Provided material START

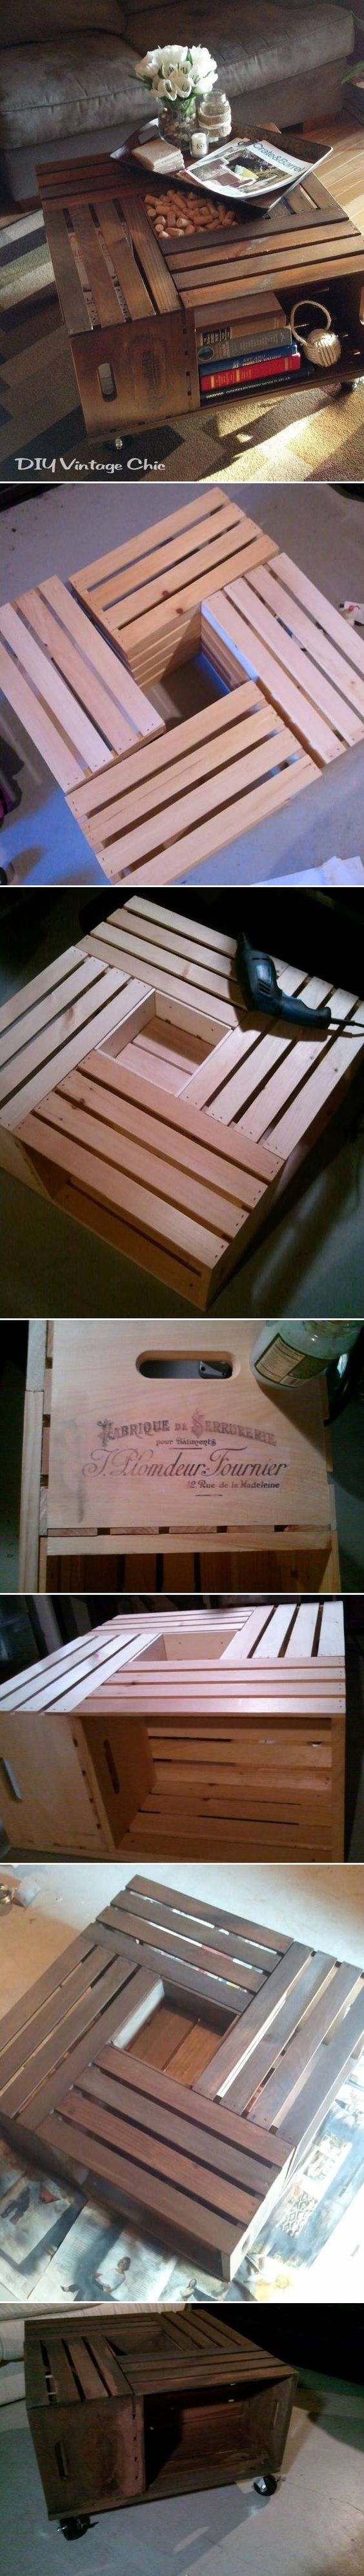 Diy primitive furniture - Best 25 Wooden Boxes Ideas On Pinterest Diy Wooden Box Planter Box Centerpiece And Decorative Wooden Boxes
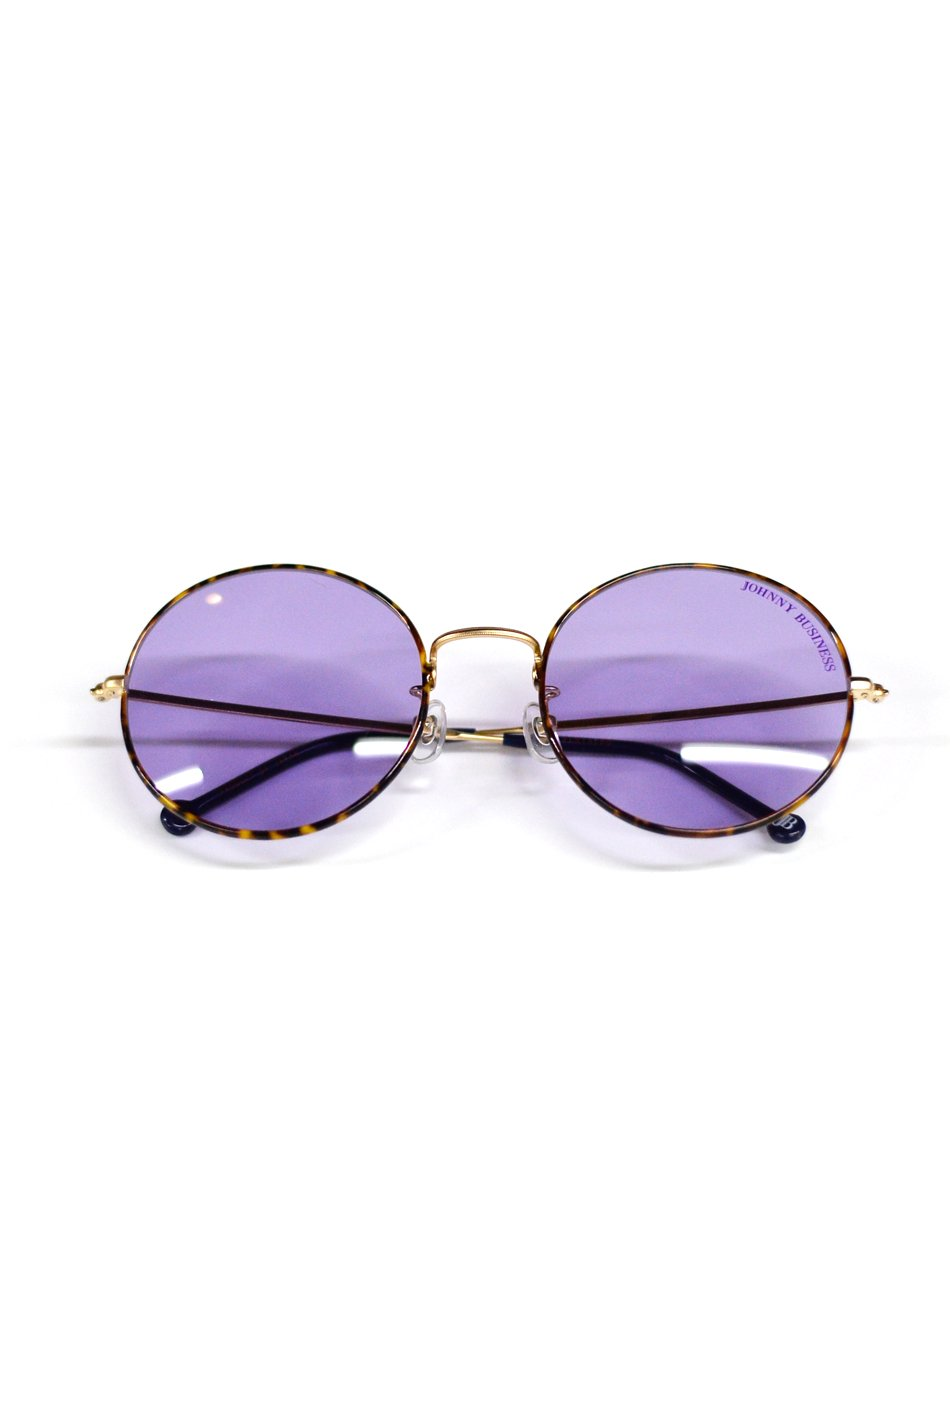 Johnny Business × VERYNERD Effie Rd. Type JB / Purple
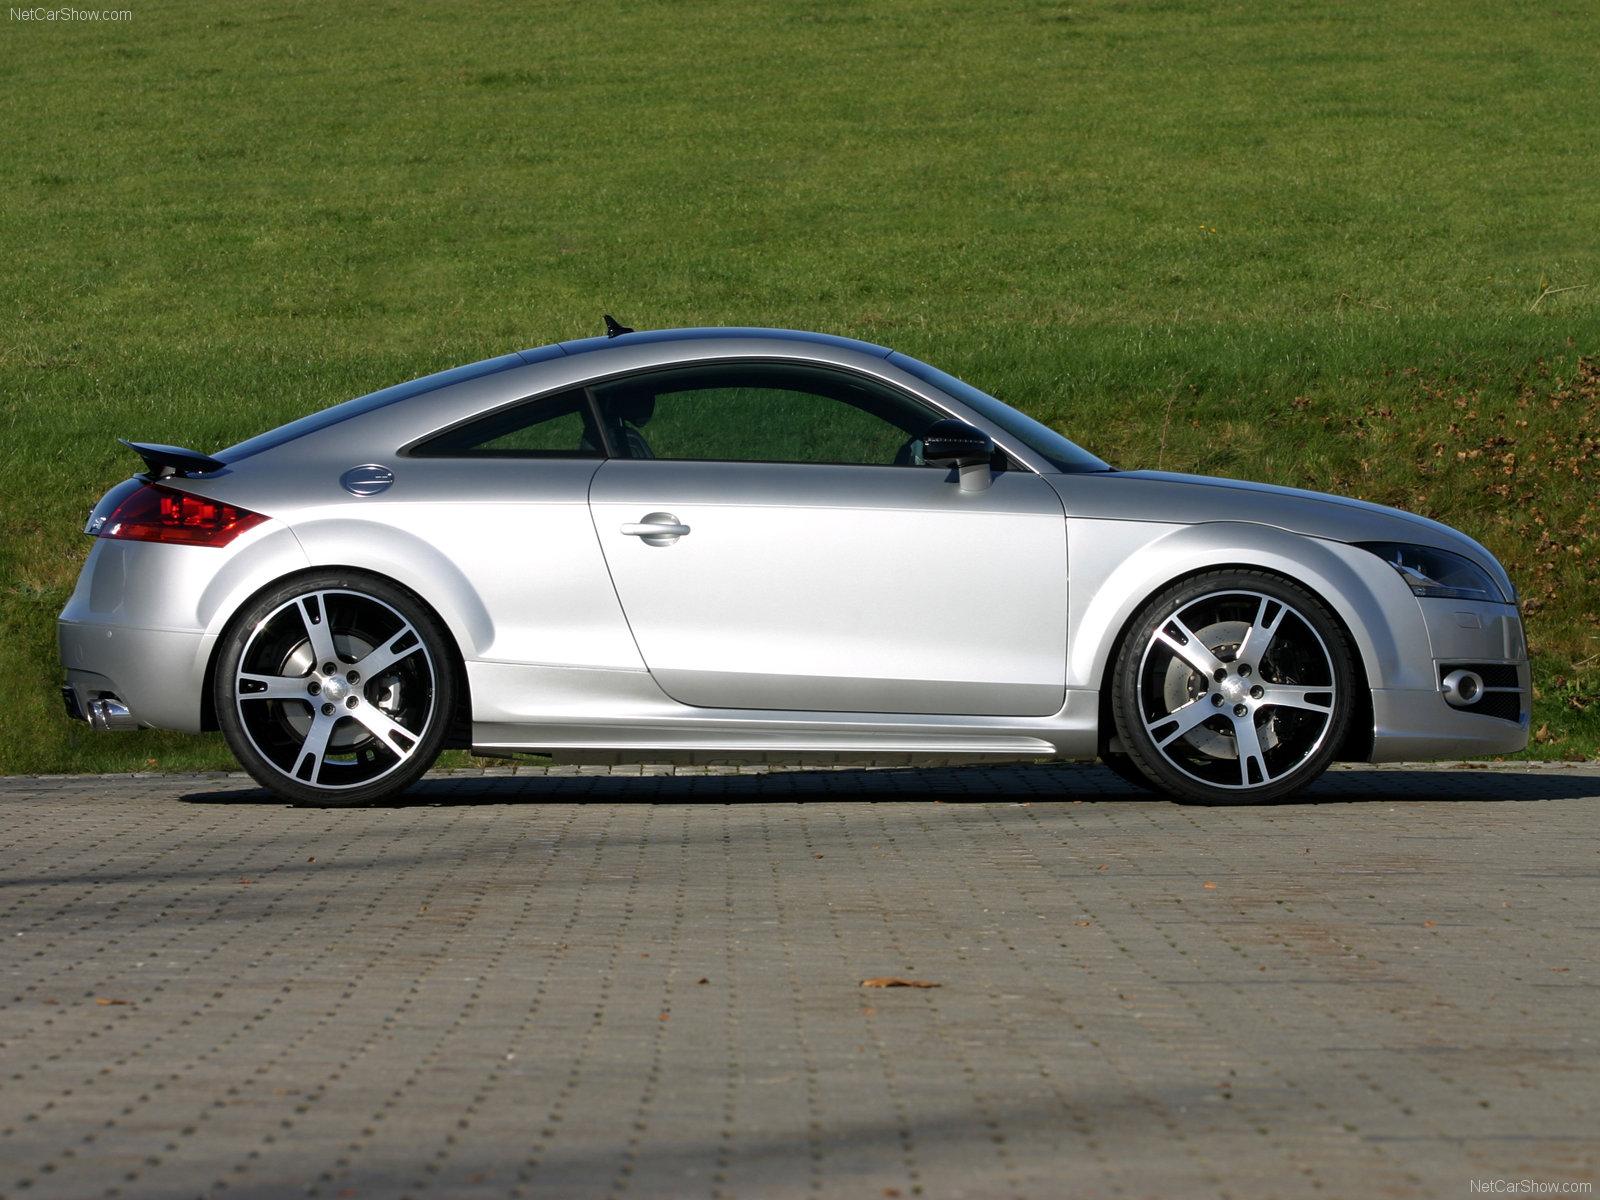 http://3.bp.blogspot.com/-HYLosg_6XKc/T1ImCnKwxnI/AAAAAAAAAb0/SJI4-i6-WXw/s1600/ABT-Audi_TT-R_2007_1600x1200_wallpaper_04.jpg
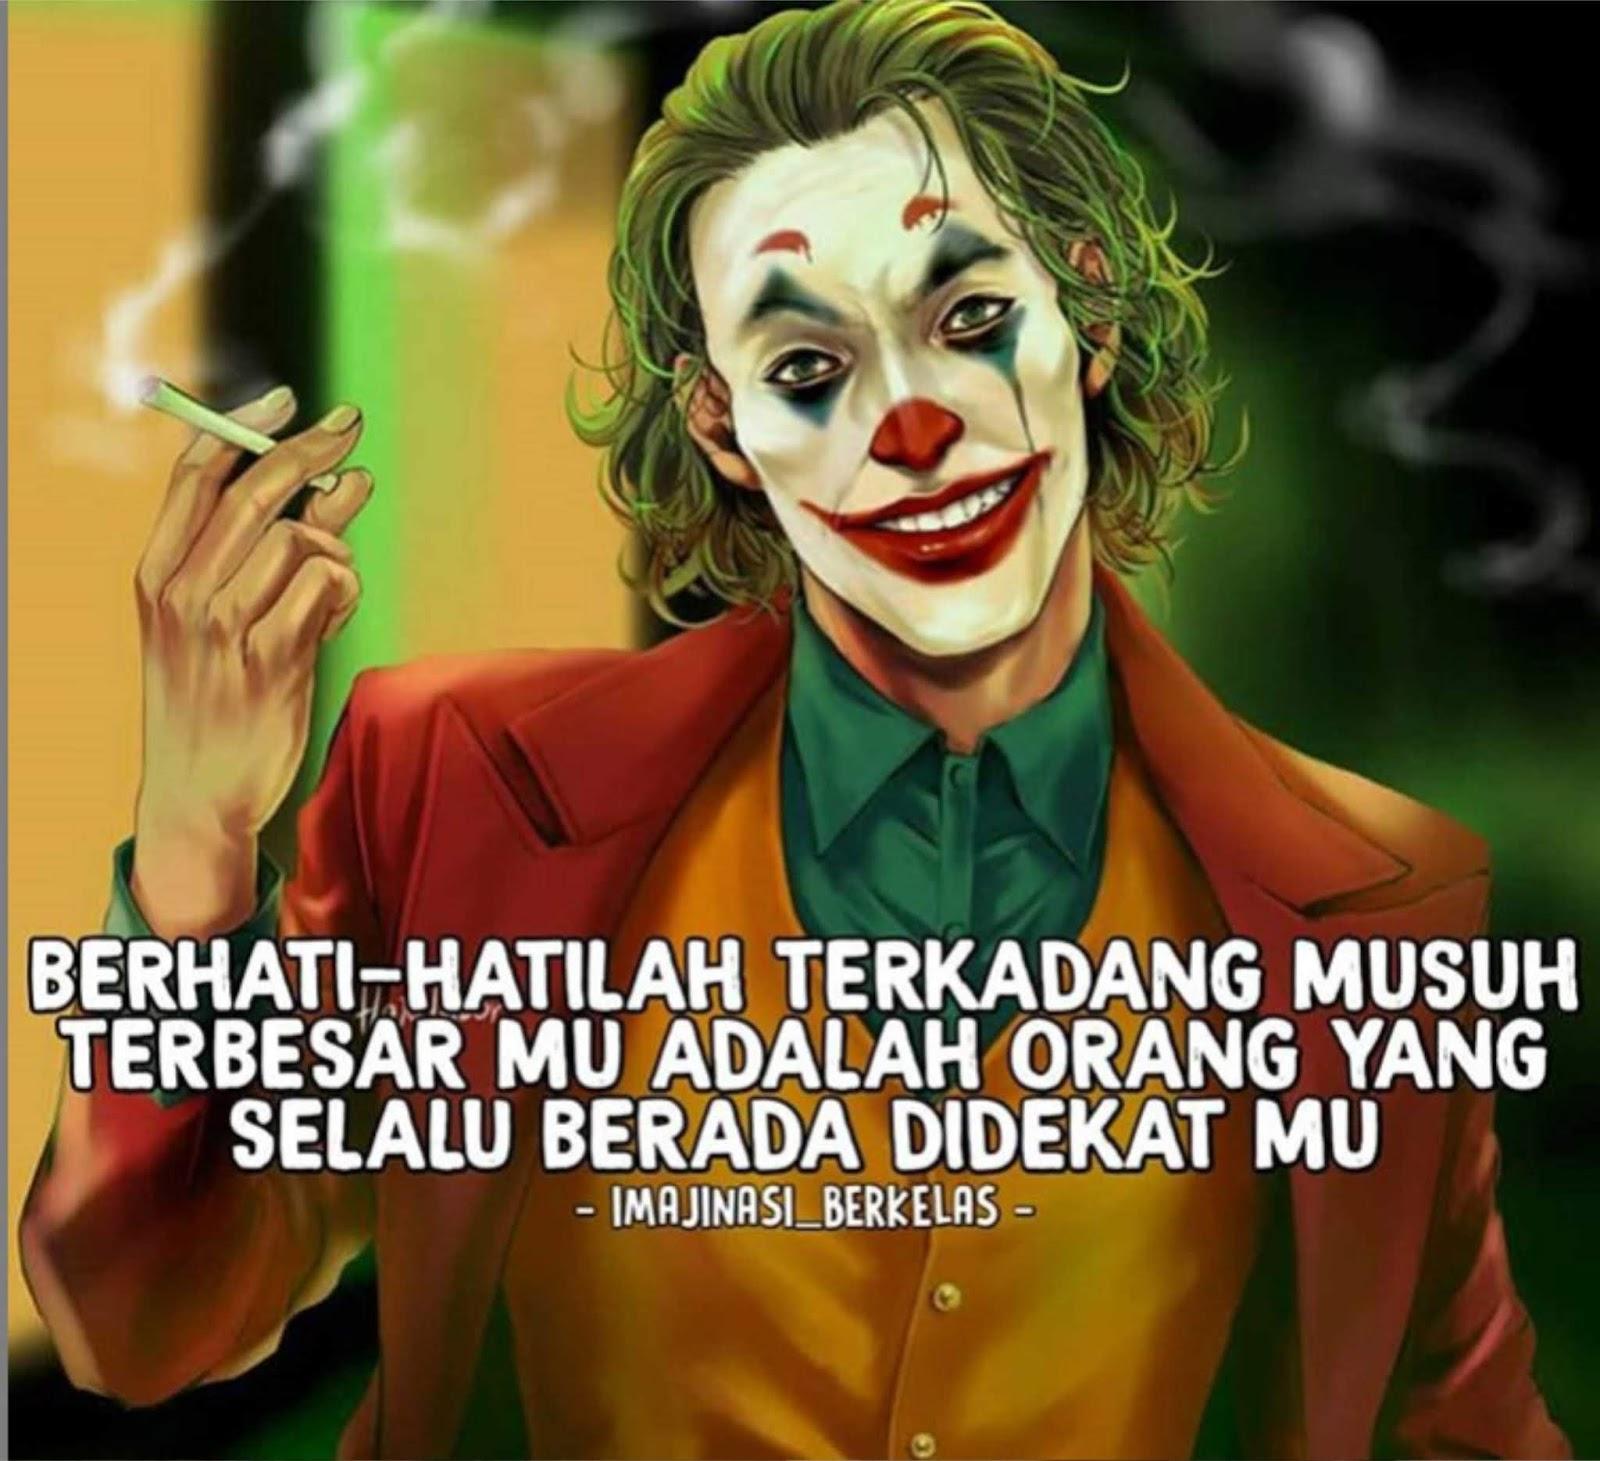 35 Gambar Meme Joker Dengan Kata2 Bijak Yang Keren Gambar

Provided material END

• _What this task involves_: Pictures aside, return all of the material exactly as written.

• _Answer space_:
 Diy primitive furniture - Best 25 Wooden Boxes Ideas On Pinterest Diy Wooden Box Planter Box Centerpiece And Decorative Wooden Boxes
 Johnny Business × VERYNERD Effie Rd. Type JB / Purple
 http://3.bp.blogspot.com/-HYLosg_6XKc/T1ImCnKwxnI/AAAAAAAAAb0/SJI4-i6-WXw/s1600/ABT-Audi_TT-R_2007_1600x1200_wallpaper_04.jpg
 35 Gambar Meme Joker Dengan Kata2 Bijak Yang Keren Gambar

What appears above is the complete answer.